Jyoti CNC Automation Limited (JYOTICNC.NS) Growth Opportunities
Jyoti CNC Automation Limited is executing a multi-pronged growth strategy that combines capacity expansion, product innovation, international scaling and market diversification. The company's near- and medium-term initiatives create a visible revenue runway and position it to capture accelerating demand across domestic and global machine-tool, electronics and semiconductor equipment markets.- Manufacturing scale-up: target capacity of 16,000 machines per annum by FY27 with a planned capital expenditure of ₹400-450 crore to support higher production and automation.
- Product innovation: launch of seven new high-tech products, including a patent-pending HMI for CNCs and Industry 4.0 platforms to drive ASP (average selling price) improvement and differentiation.
- International expansion: Huron France subsidiary expansion nearing completion, with potential incremental revenue of up to $80 million annually once fully ramped.
- Import substitution play: focused moves into electronics and semiconductor equipment to substitute imports, capture higher-margin segments and benefit from government procurement and PLI-like incentives.
- Order visibility: order book visibility extending beyond two years, reducing revenue uncertainty and enabling capacity planning and working-capital optimization.

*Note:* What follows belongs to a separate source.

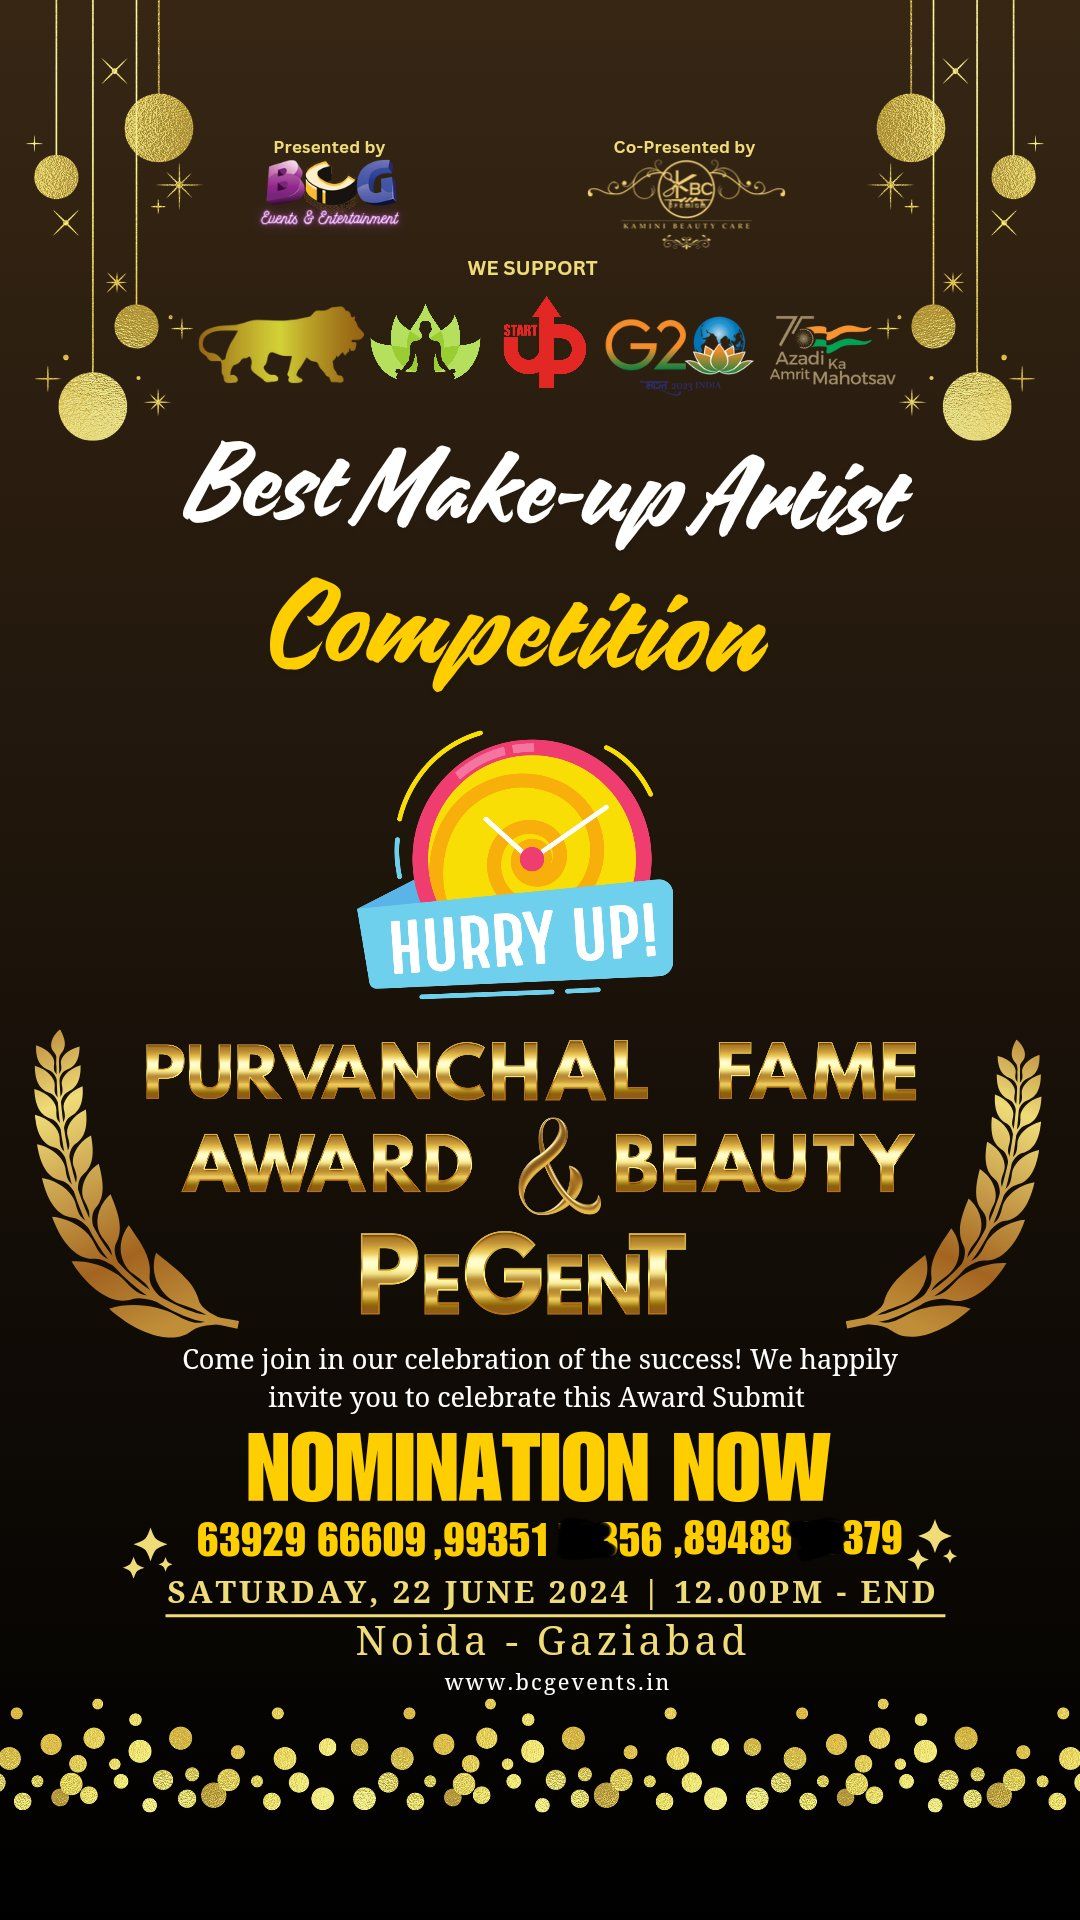 Best Make-up Artist Competition

- Market opportunity: exposure to a global machine tool market projected at $79 billion, and to India's machine tool consumption (~$3.9 billion, ranked 6th globally).
| Metric | Target / Value | Timing |
|---|---|---|
| Manufacturing capacity | 16,000 machines p.a. | By FY27 |
| Planned capex | ₹400-450 crore | FY24-FY27 (planned deployment) |
| New products | 7 high-tech launches (incl. patent-pending HMI, Industry 4.0) | Rolling launches - FY25 onward |
| Huron France potential revenue | Up to $80 million annually | Near-term post-expansion |
| Order book visibility | >2 years | Current |
| Global machine tool market | $79 billion | Market projection |
| India machine tool consumption | $3.9 billion (6th largest) | Market position |
- Revenue diversification: combination of domestic heavy-duty CNCs, high-tech electronics/semiconductor equipment and international aftermarket/service revenues from Huron France creates multiple growth vectors.
- Technology-led margin expansion: new high-ASP products (HMI, Industry 4.0) and localized manufacturing for import substitution can improve gross margins versus legacy low-ASP machine sales.
- Risk mitigation: multi-year order visibility and staged capex reduce execution and cash-flow risk while supporting disciplined scaling.